Больше она не приходила. Исчезла.


Если бы не психология… Если бы не замечательная эта наука, разве созвали бы заседание Ученого совета, разве прозвучал бы на нем доклад бывшего зама бывшего министра просвещения, прогрессивного педагога и ученого-психолога, многотомные труды которого я давно заметила за стеклом в кабинете Мефистофеля – толстые книги, одетые в толстую красную кожу с золотым тиснением, так, как некогда издавались собрания сочинения классиков марксизма-ленинизма? В нашем коммерческом «универсуме» этот молодой, совсем молодой и очень веселый человек был профессором, конечно, но особенно важным, потому что главной его кормушкой по-прежнему оставалось министерство.

Если бы не скинхеды… Если бы не бесчинства фашиствующих бритоголовых чернорубашечников в российских городах, разве возник бы президентский проект по внедрению толерантности в сознание россиянина, разве разрабатывались бы психологически обоснованные программы по развитию толерантности на всех уровнях образования – от детского сада до вуза включительно? И главное – разве на реализацию этих программ выделены бы были столь значительные бюджетные средства?

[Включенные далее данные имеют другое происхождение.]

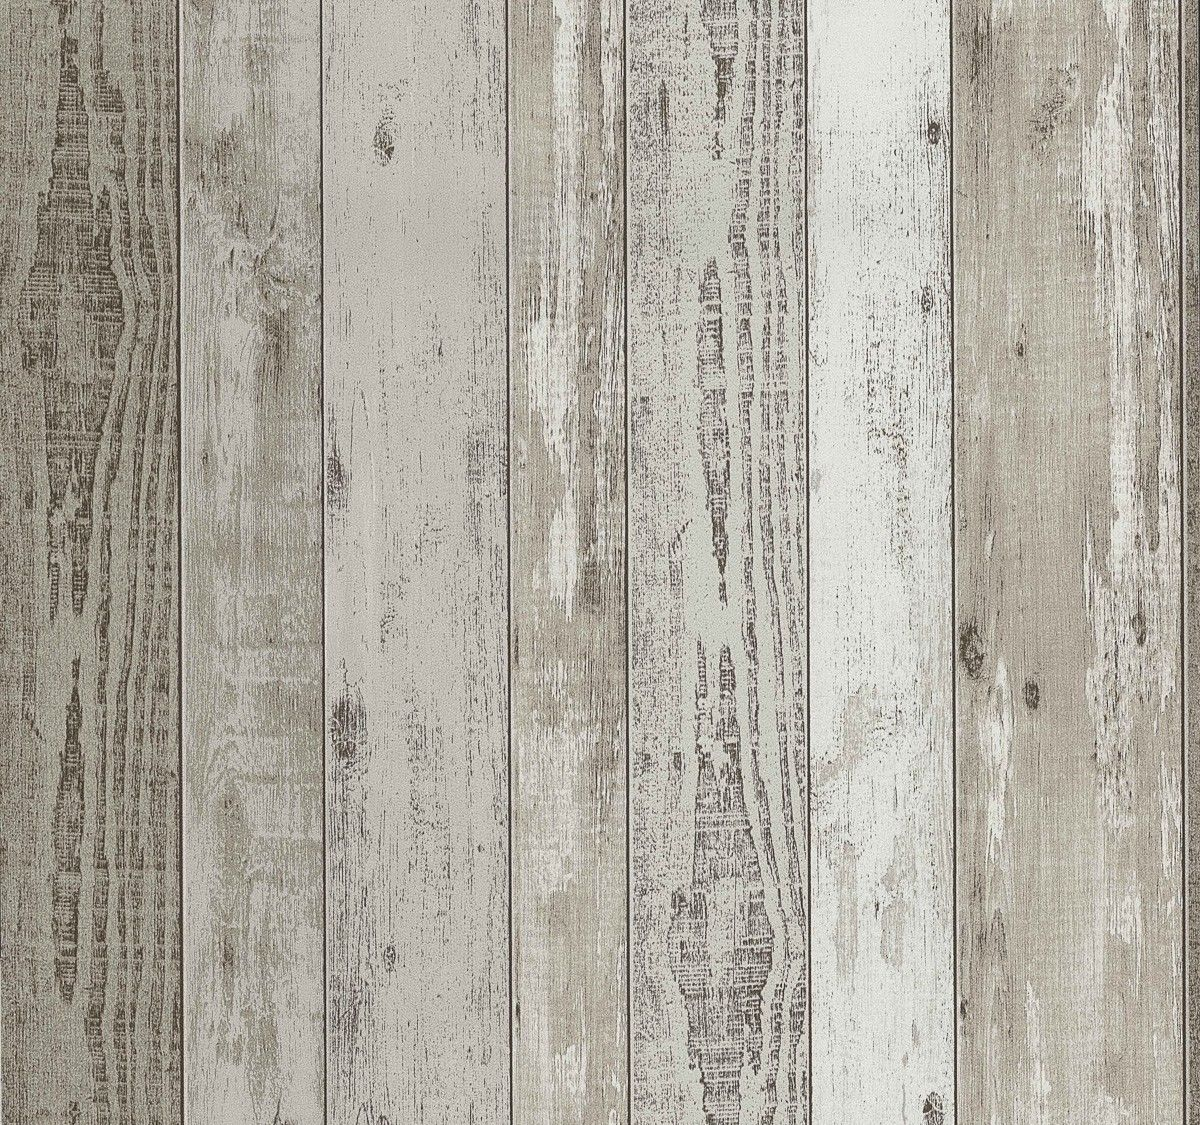 wood effect wallpaper distressed grain wooden realistic. Black Bedroom Furniture Sets. Home Design Ideas

– Привет, Валюша, дорогая, тебе грант не нужен? По толерантности? А то у меня есть. Хочешь – бери! – разносился по коридору баритон бывшего замминистра перед заседанием.

И сам доклад был веселым, энергичным и, соответственно, очень коротким. Профессор быстро объяснил, что такое толерантность, как нам всем ее не хватает, какие ужасы сулит ее отсутствие и какие выгоды – стремление к ней.

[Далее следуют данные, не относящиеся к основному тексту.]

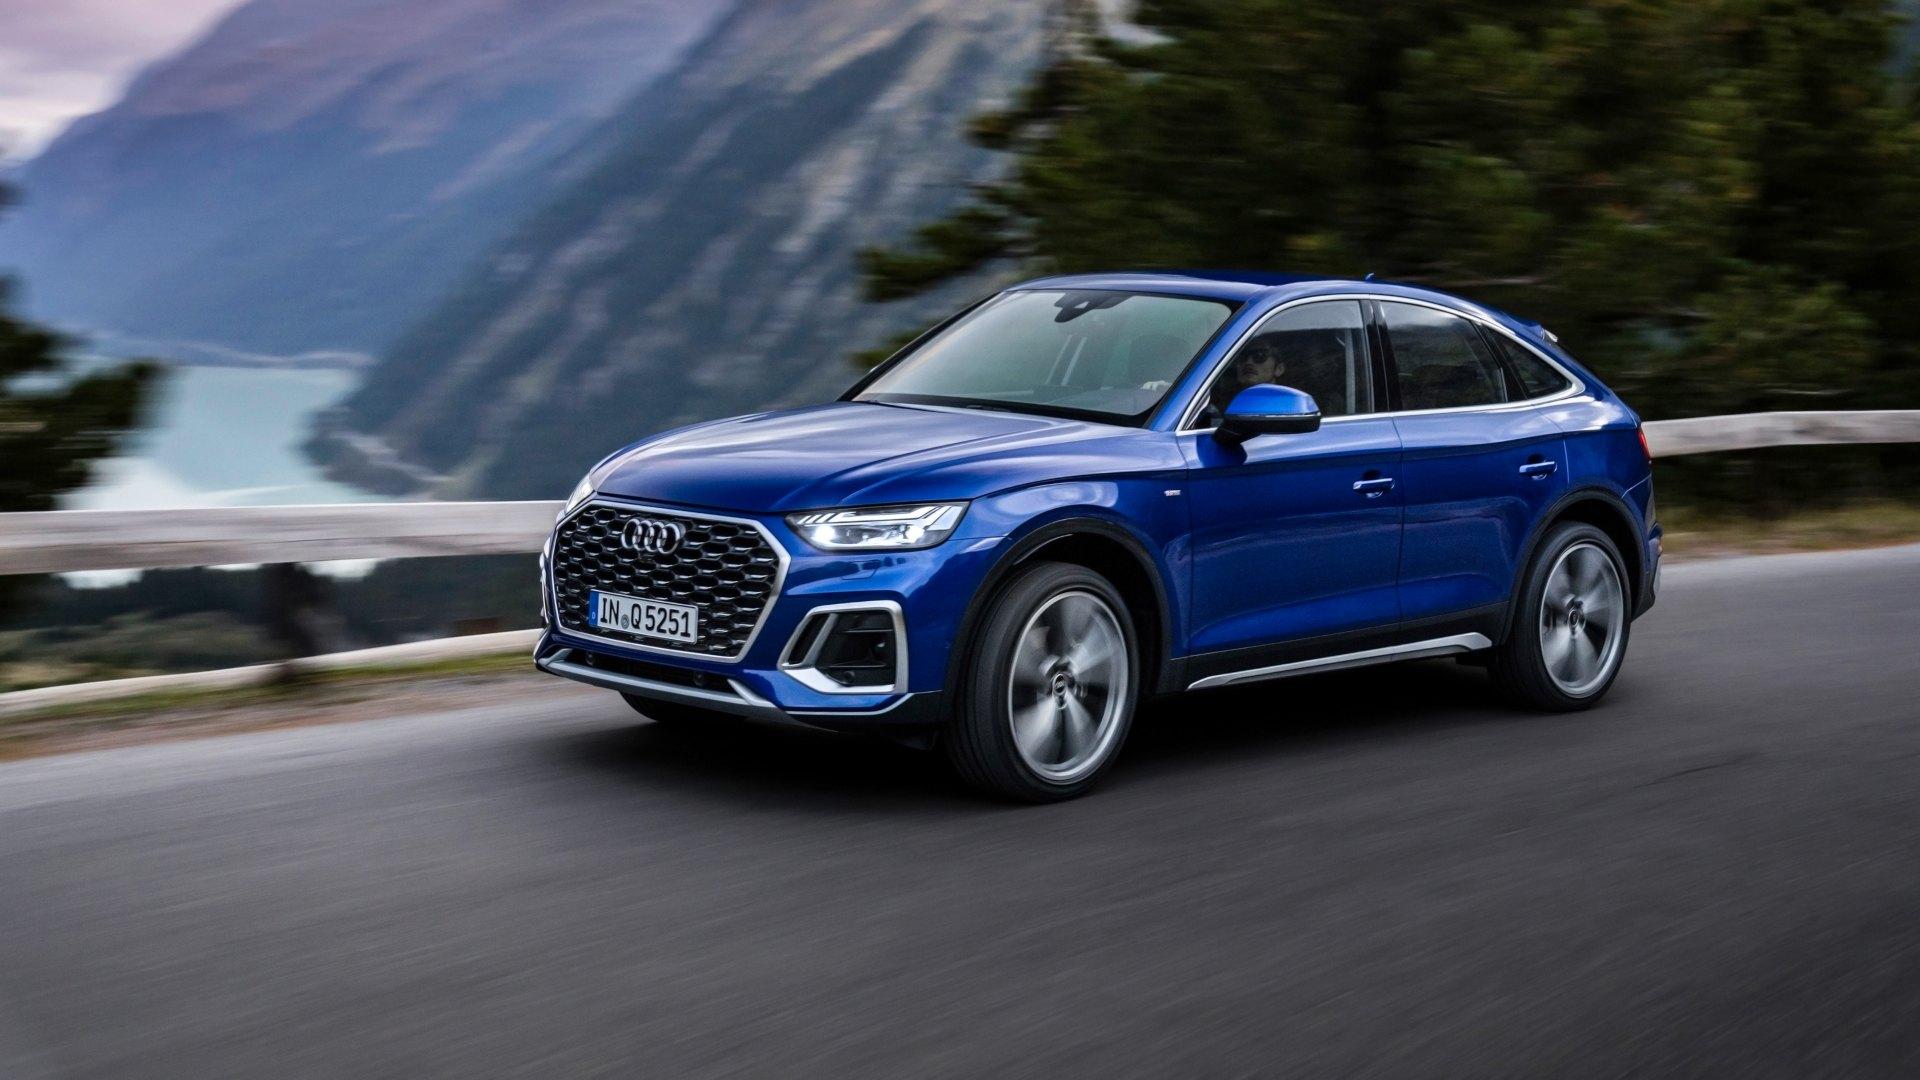 Se ponen a la venta los Audi Q5 Sportback y Audi SQ5 Sportback TDI

Выходило – надо быть толерантным. Чем толерантней, тем выгодней.

Мефисто отдал приказ факультетам: ввести толерантность в учебный план как обязательную дисциплину. А лекции сделать общими, для всех сразу. И читать будет наш главный психолог, самый толерантный человек в вузе. А может, в этой стране. Глава толерантности в министерстве. Ее доверенное лицо. Ее адвокат и распорядитель.

И в третий раз, через неделю после первых двух, случился скандал. На этот раз совсем камерный. Пока весельчак докладывал, присутствующие посчитали в уме, сколько в год получается лекций. А почем платят за одну лекцию главному психологу, тоже все знали. Выходило, что толерантность встанет вузу в новую иномарку высокого класса.

Но вместо этого встала главный бухгалтер «универсума» – поднялась как бы нехотя, как бы с трудом, кутая острые плечи в немодный, но надежный широкий шарф, спасавший ее узкую грудь от внезапных сквозняков нежданных нововведений.

Сначала она покашляла. Потом закашлялась. Немедленно поднесен ей был стакан чая с лимоном: в холодные времена года «универсум» обеспечивал своим комфорт и защиту.

– Это что ж выходит, господин ректор, – сказала она наконец, тряхнув светлыми кудельками слабых волос. – Шутка ли, такая сумма? Нет у вуза на это средств. Нету – и все. Не заработали.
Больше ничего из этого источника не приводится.